Encore Farming

A Revolution in Retirement

By Sue Muncaster // Photographs by Marlene Wusinich

On a late spring day, two prized rams disappeared from Janet and Buol Heslin’s sheep herd on the Lazy Eye Ranch in Alta, Wyoming. It was early June 2014, and the rams had been foraging alone in a Hawthorne forest, unprotected by the herd’s stalwart guardians—a Great Pyrenees and an Akbash sheepdog. Two days later, two newborn lambs were also killed. The Wyoming Fish and Game Department determined wolves were to blame and issued them a forty-five-day hunting permit for livestock losses. Buol, seventy, a retired Manhattan eye surgeon, and Janet, sixty-four, a retiree from the pharmaceutical industry, found themselves in the unlikely position of laying in wait each night at dusk with loaded rifles. They saw a single black wolf once, but it never came back.

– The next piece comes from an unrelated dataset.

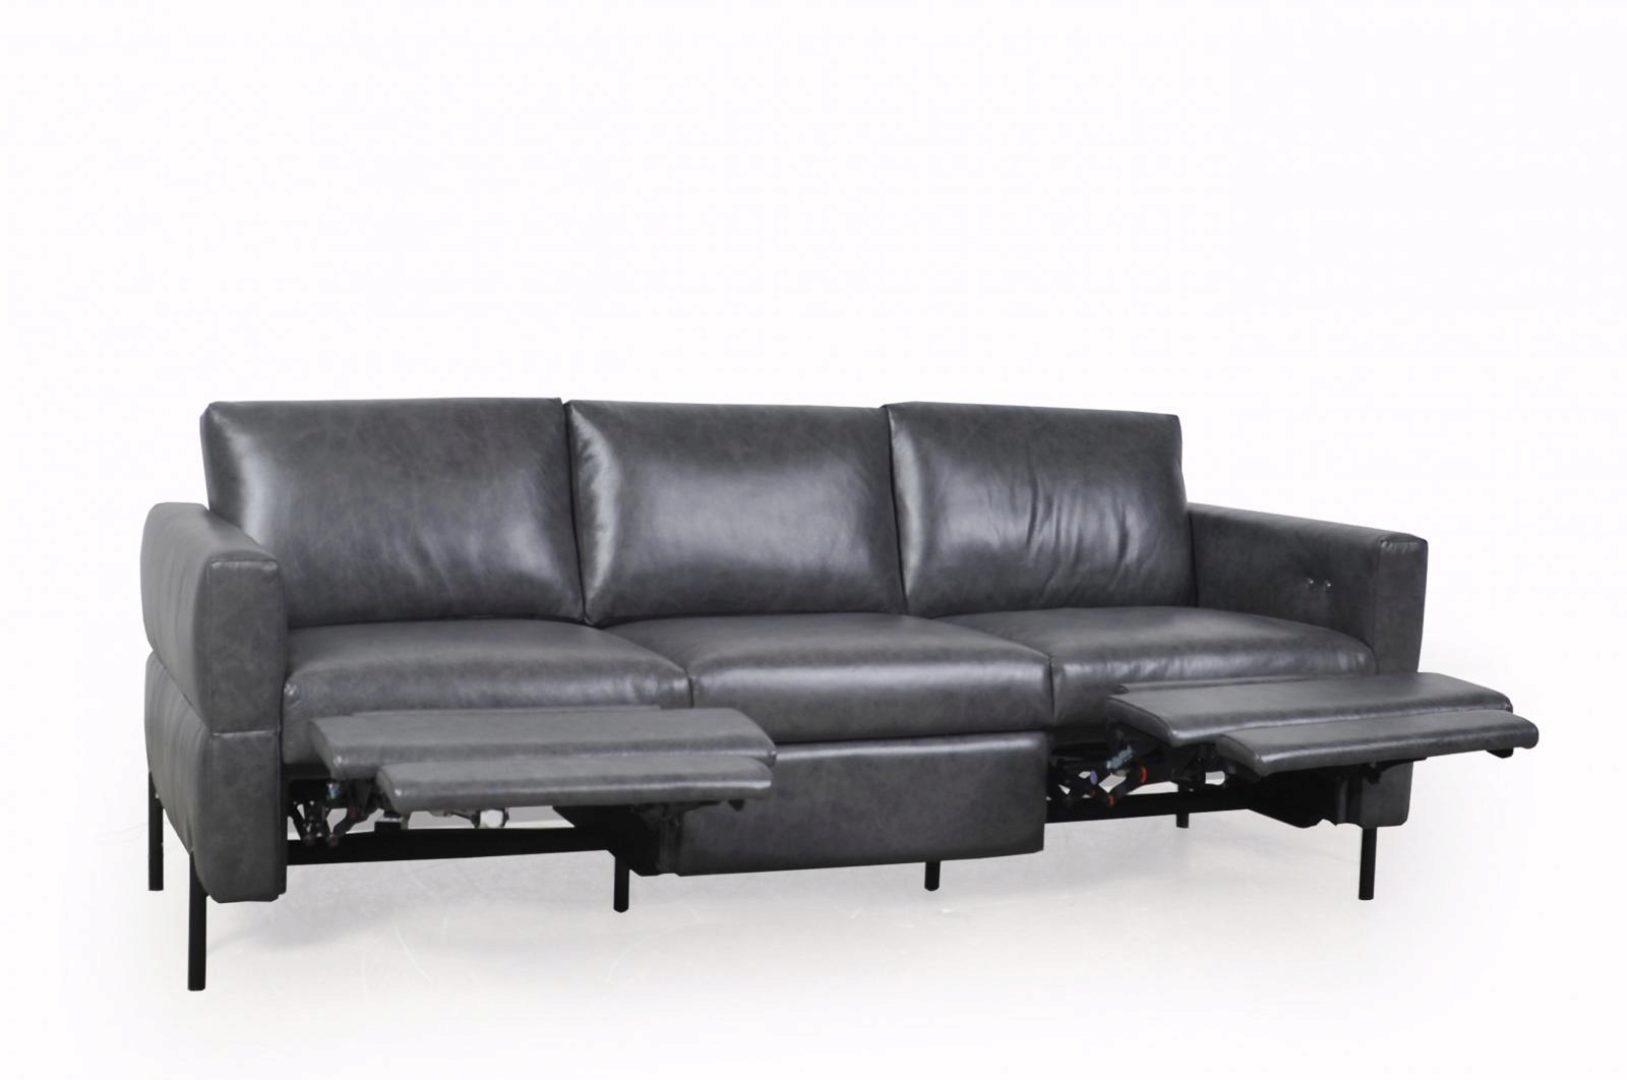 buy cheap furniture by brayden studio

In the end, they suspect the dogs got the wolf.

Retirement—a word that technically means “withdrawal” and describes the time when people give up productive employment—has certainly never been a part of the Heslins’ vocabulary. “Buol and I worked hard all of our lives; that’s what we know, and we enjoy the feeling of accomplishing something. We have no interest in being pampered. We like adventure and there’s plenty of that on the farm,” Janet says.

Jackson Hole’s Dick and Sandy Shuptrine, owners of Mountain Meadow Natural Gardens, have also found joy and meaning in retirement, growing organic food for local markets. Dick, who says he’s busier now than when he was “working,” joins a growing number of Baby Boomers poised to live longer and in better health than any generation before.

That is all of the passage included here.